No one expects the Spanish Inquisition!
I have to say I’m very impressed with the team at Dark Horse who put this book together. It’s an absolutely silly idea that, in the wrong hands, could have been banal and derivative, and yet this work sings in a way that just puts a smile on my face. Playing with an underlying Nihilism and some excellent gallows humor, this issue allows Skisquatch to shine, and he’s very quickly become one of my favorite characters in any series today. The twists and turns of this story continue to breath life into this weird, little title, and with the subtle callouts to tropes at large in the medium, this is a fun and gentle satire that has enough of an emotional core to elevate it to become something really interesting.
Donny Cates and Eliot Rahal must be a riot to work with. This book has the feel of that new LEGO game, where anything and absolutely everything can work together, like Morgan Freeman playing Gandalf with Batman. There’s a childlike joy at the heart of this twisted, bloody spoof, and it makes the characters rise above their imprints to remind you why you fell in love with their established counterparts in the first place. This book is a good reminder that the word “comic” comes first, with righteous missions going off the rails because of a wonderfully timed gag, and the resulting clustermuck resolves itself into something resembling victory.
If Cates and Rahal are having fun, then Geoff Shaw must be just giggling all day. He’s giving all of the characters a lot of flash, attitude, and making them all serious bad@$$es when taking care of business, while allowing the tone of the script to remain wonderful and joyous. Seriously, Popsicle Club seems like the most awesome club there is. (You’ll see.) Colorful and twisted when necessary, everything comes alive in a great way, especially when tracking random characters over the main action.
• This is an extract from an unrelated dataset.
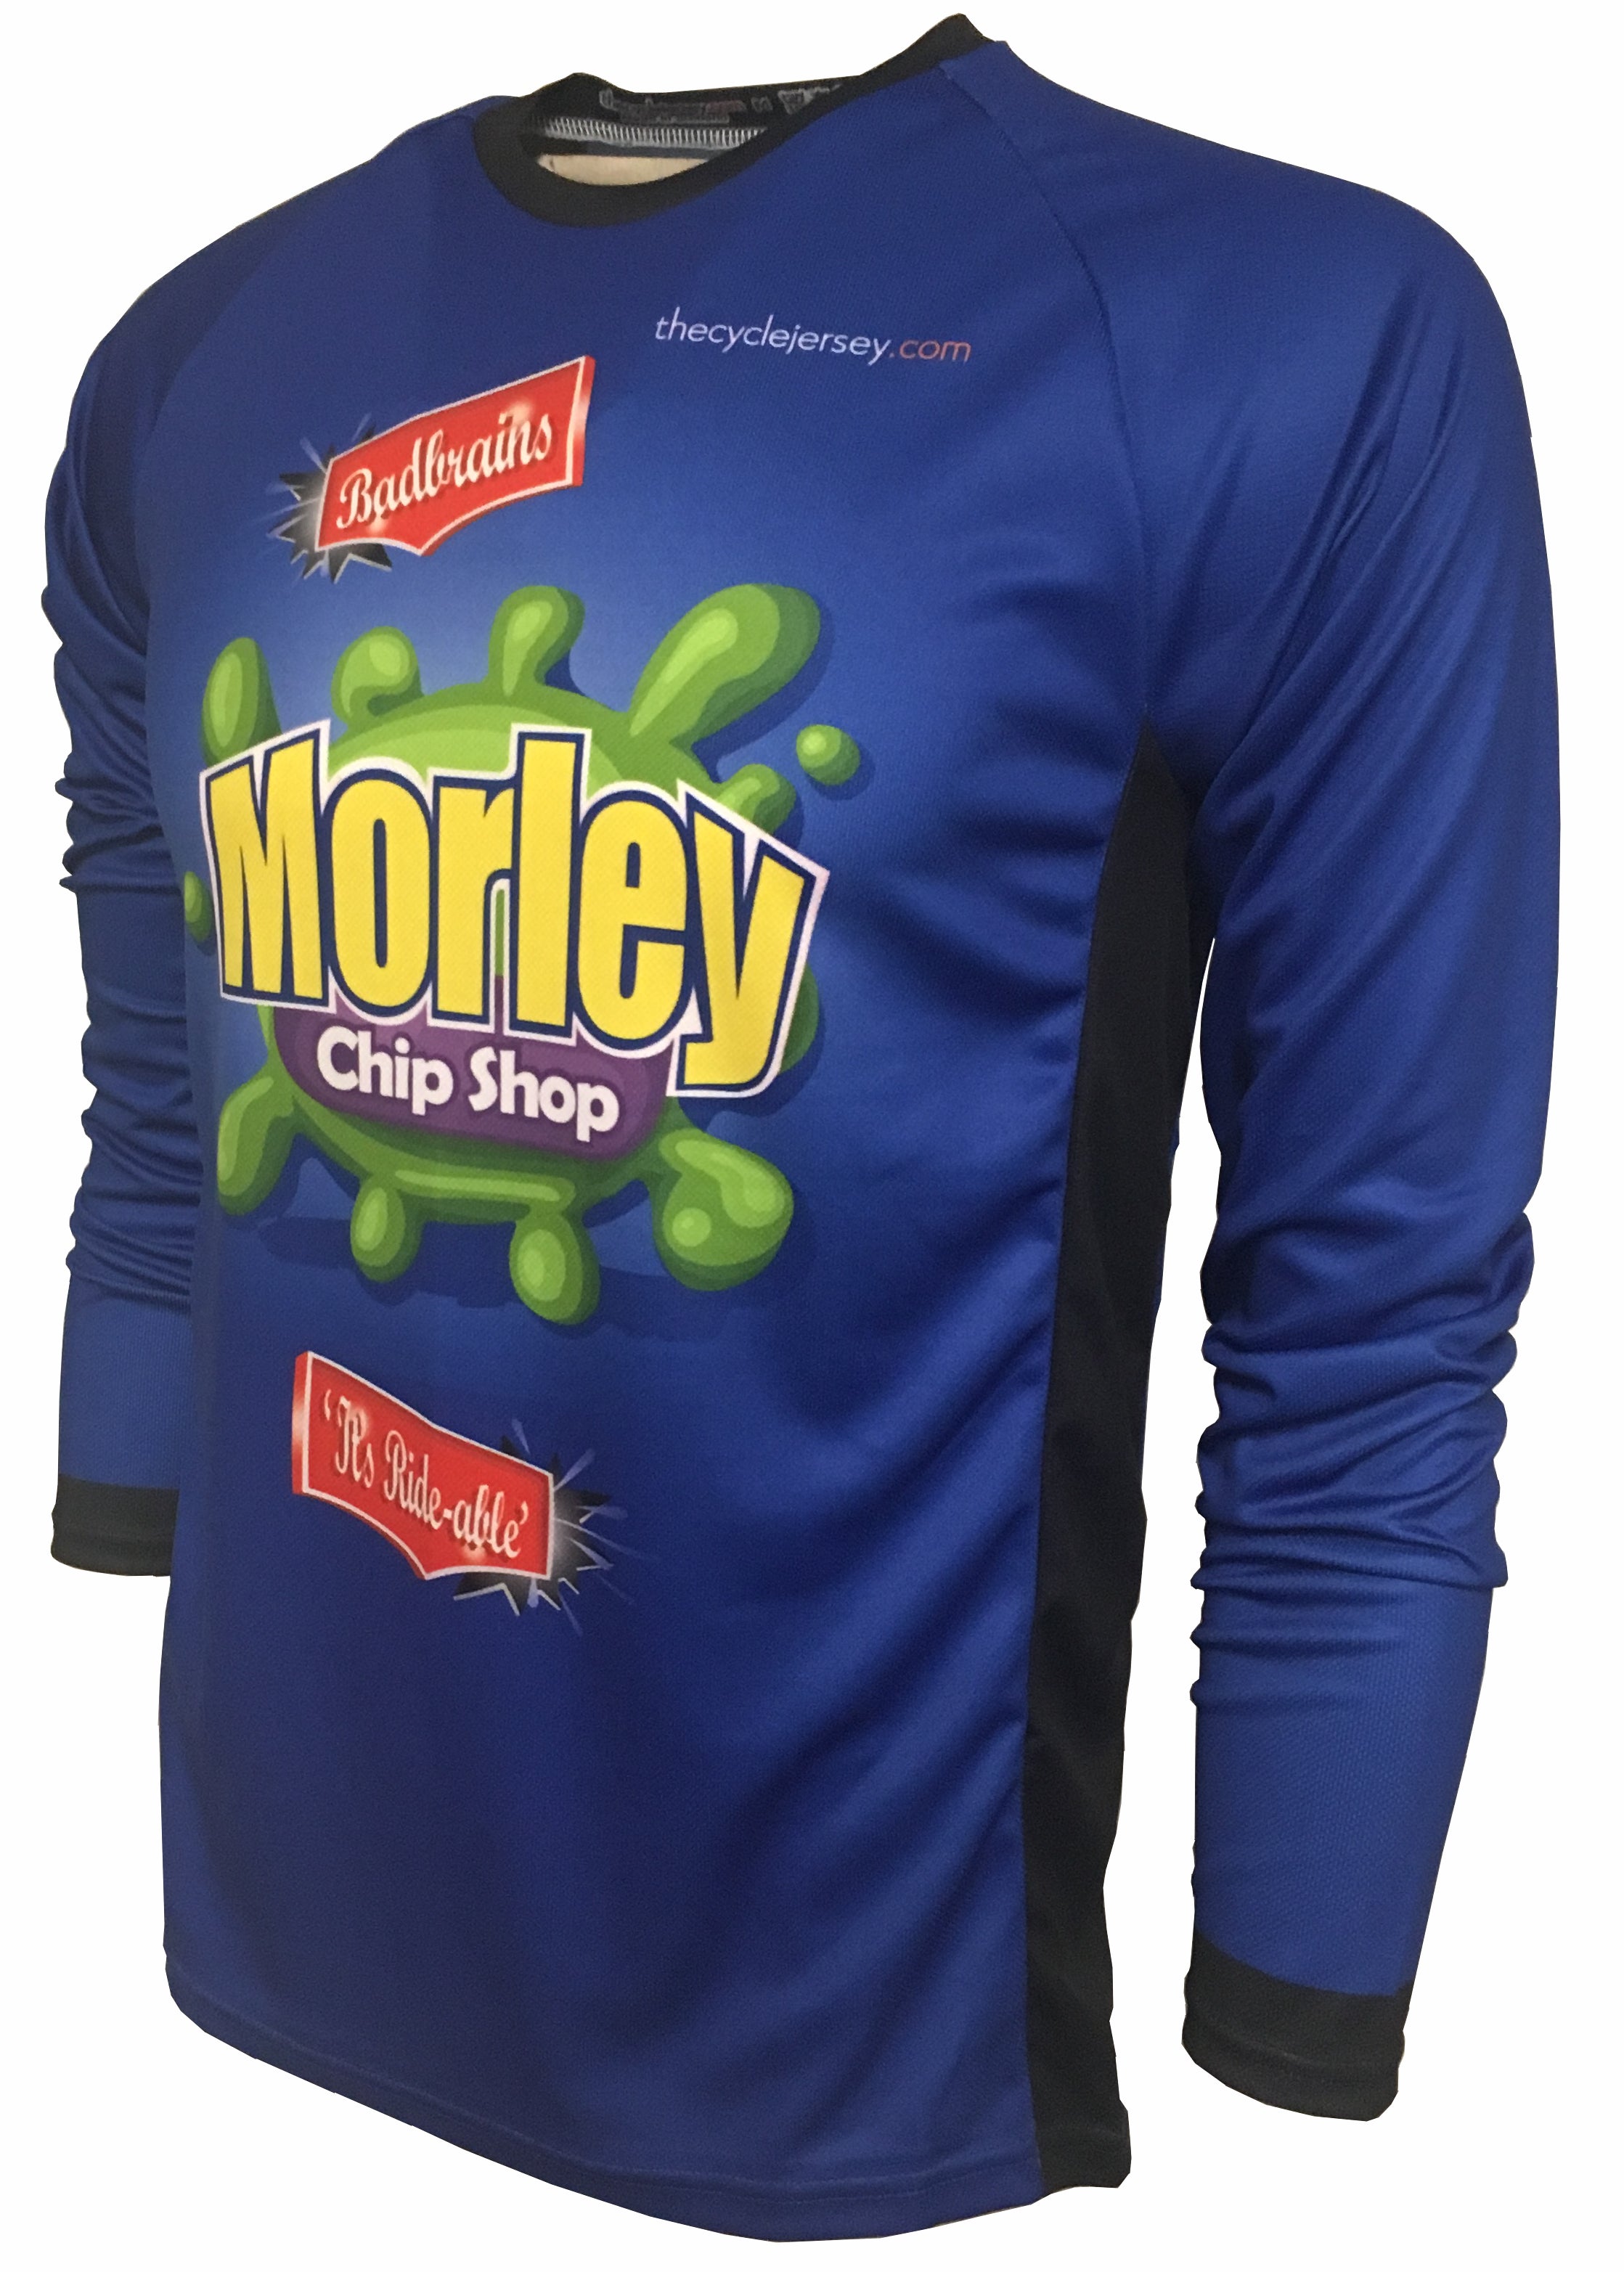 Morley Chip Shop Kids Enduro Cycle Jersey Front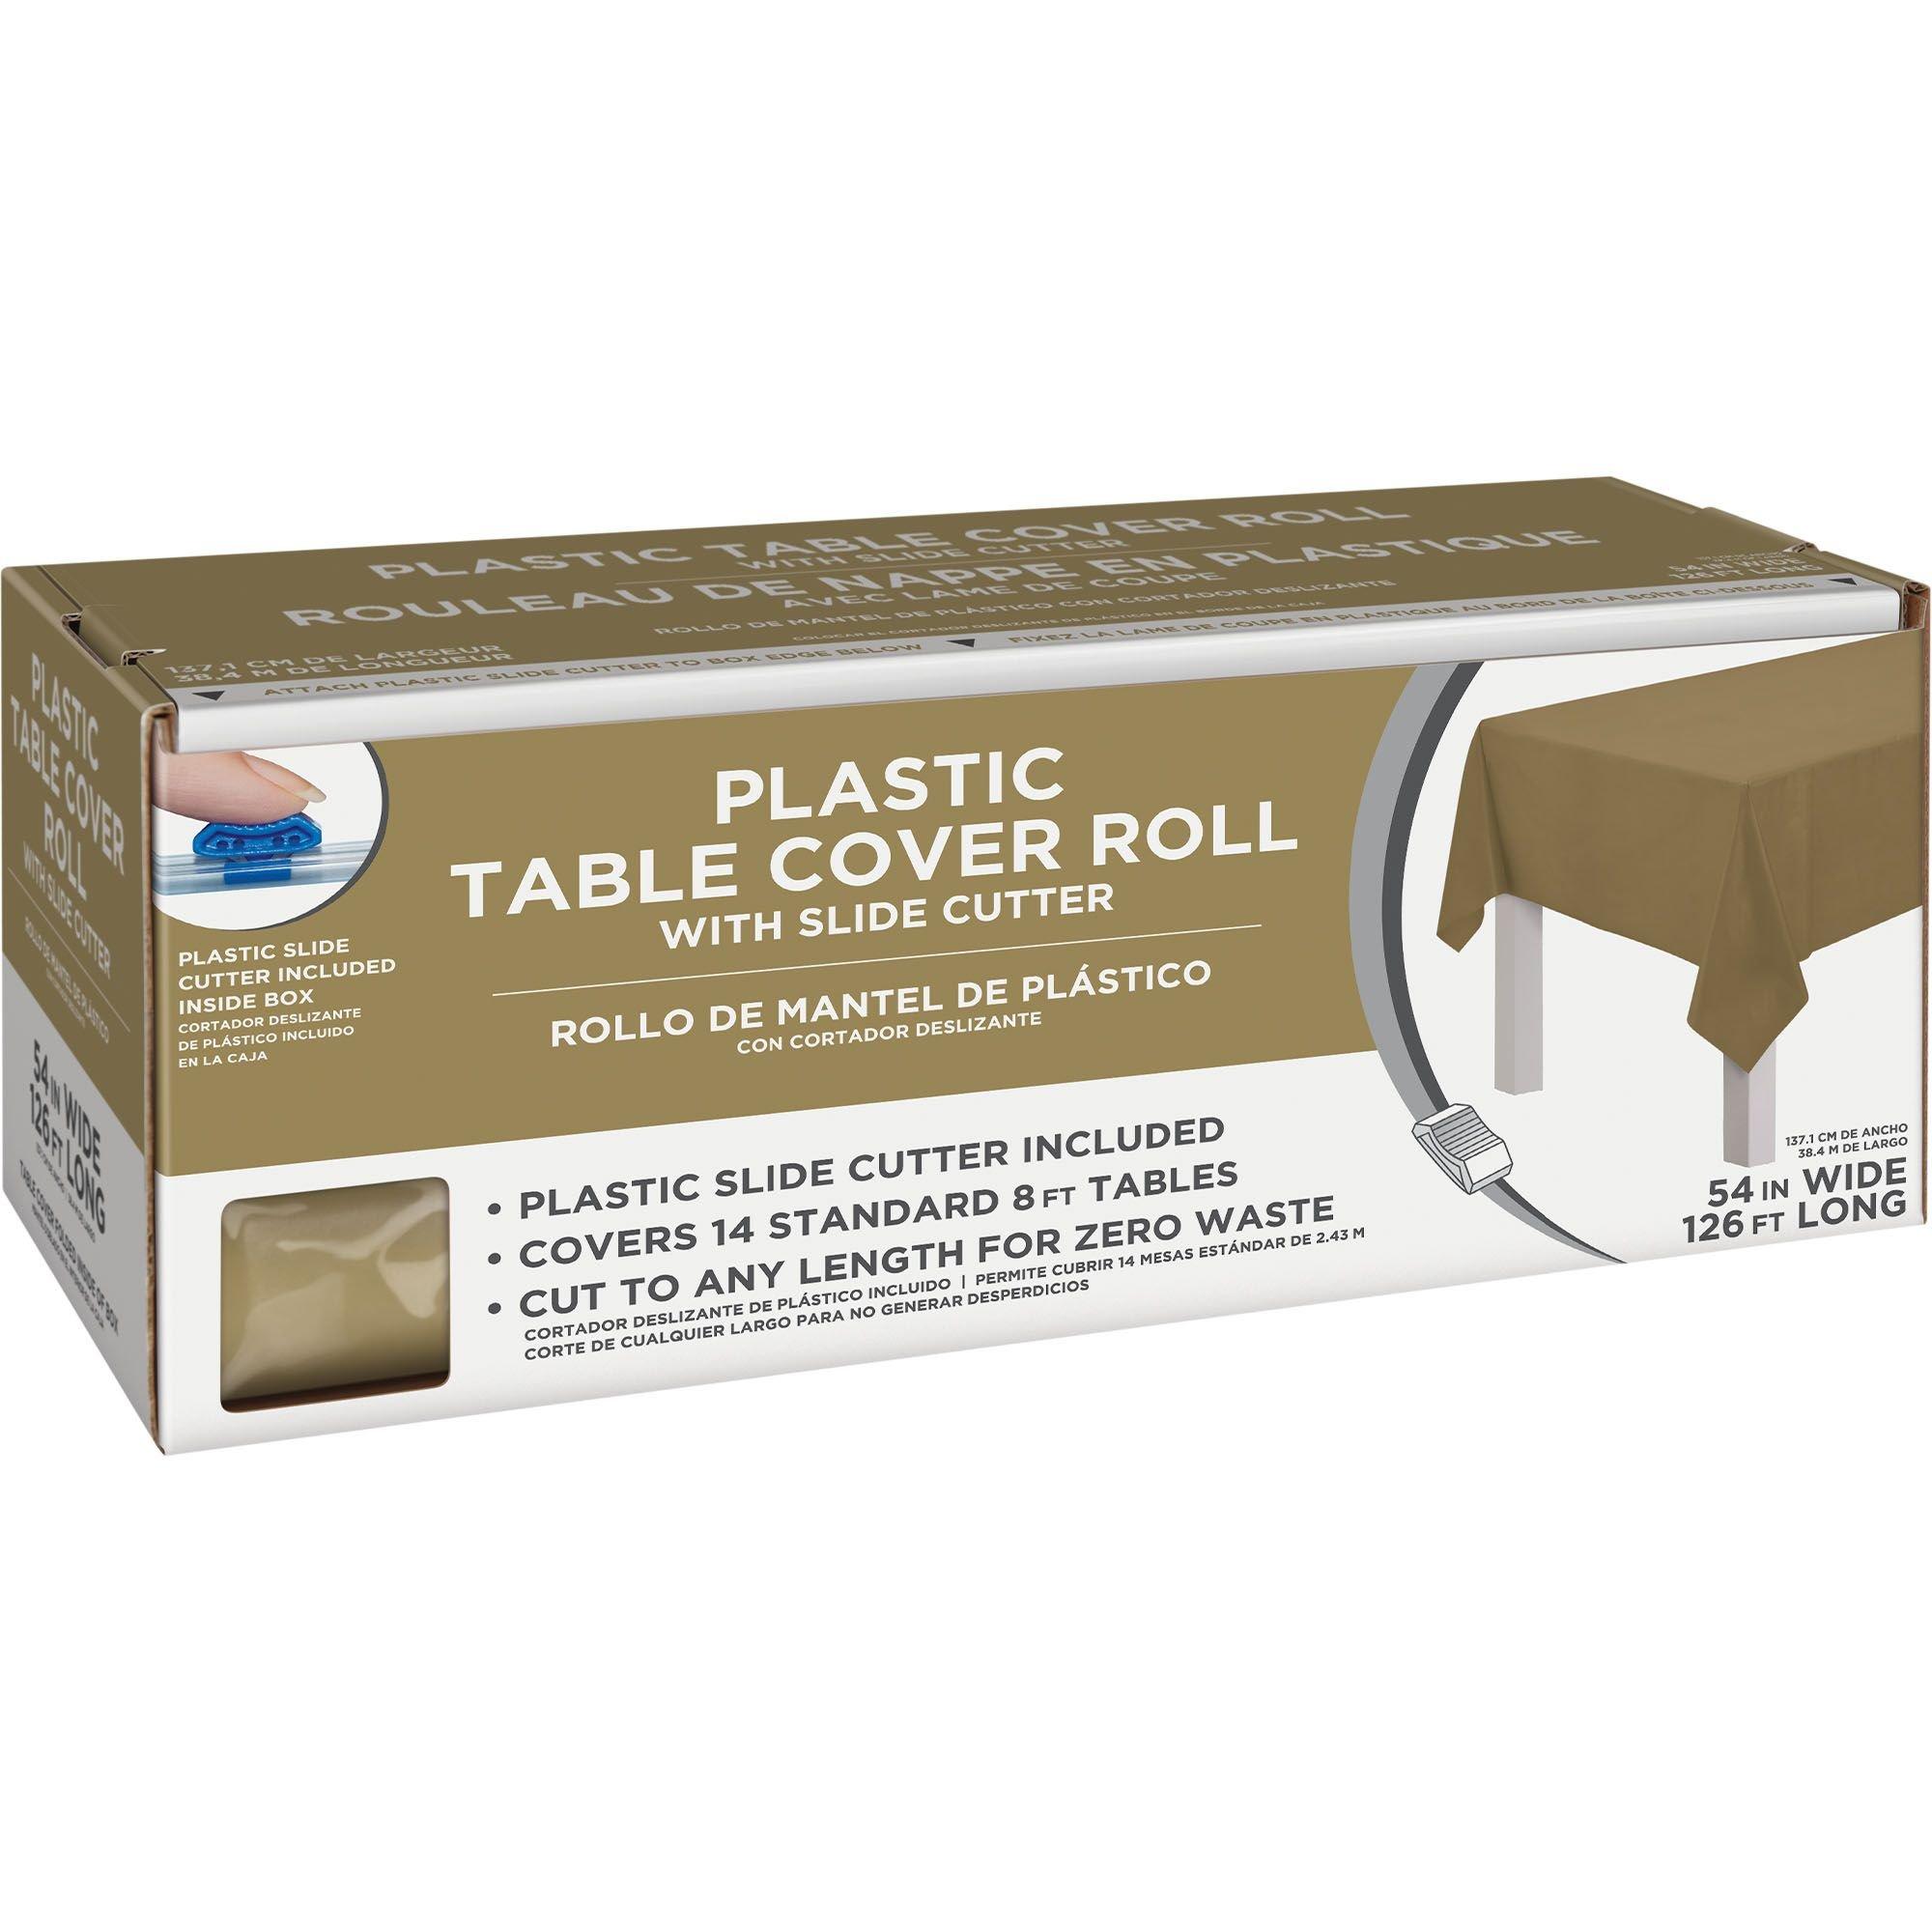 Amscan Gold Plastic Table Cover Roll with Slide Cutter, 54in x 126ft

I think the warehouse is going to continuously be my favorite place, and I can’t wait to see what he tosses in there next. The thing I appreciate a good deal is the portrayal of violence; it’s not over the top,it’s not something that everyone can walk away from with a grunt or a wise-crack, people get seriously messed up or dead, and that truth of the violence, letting this world be as dangerous as ours, is a really refreshing attitude to see on the page. Yeah, there are still over-the-top explosions and such, but the intimate stuff – the kind of things that would do lasting and painful damage to a person – are presented realistically, and even when the intent is humor, there’s a sense that this is no game, and the stakes are high.
A fun diversion from the seriousness of storyline continuity and dour heroes, The Paybacks is a series that will tickle and excite any comic fan. There’s so much at play here that really anyone could find something to enjoy. And, if you like Skips, then Skisquatch is the wise-cracking, but serious, cousin you’ll really get a kick out of.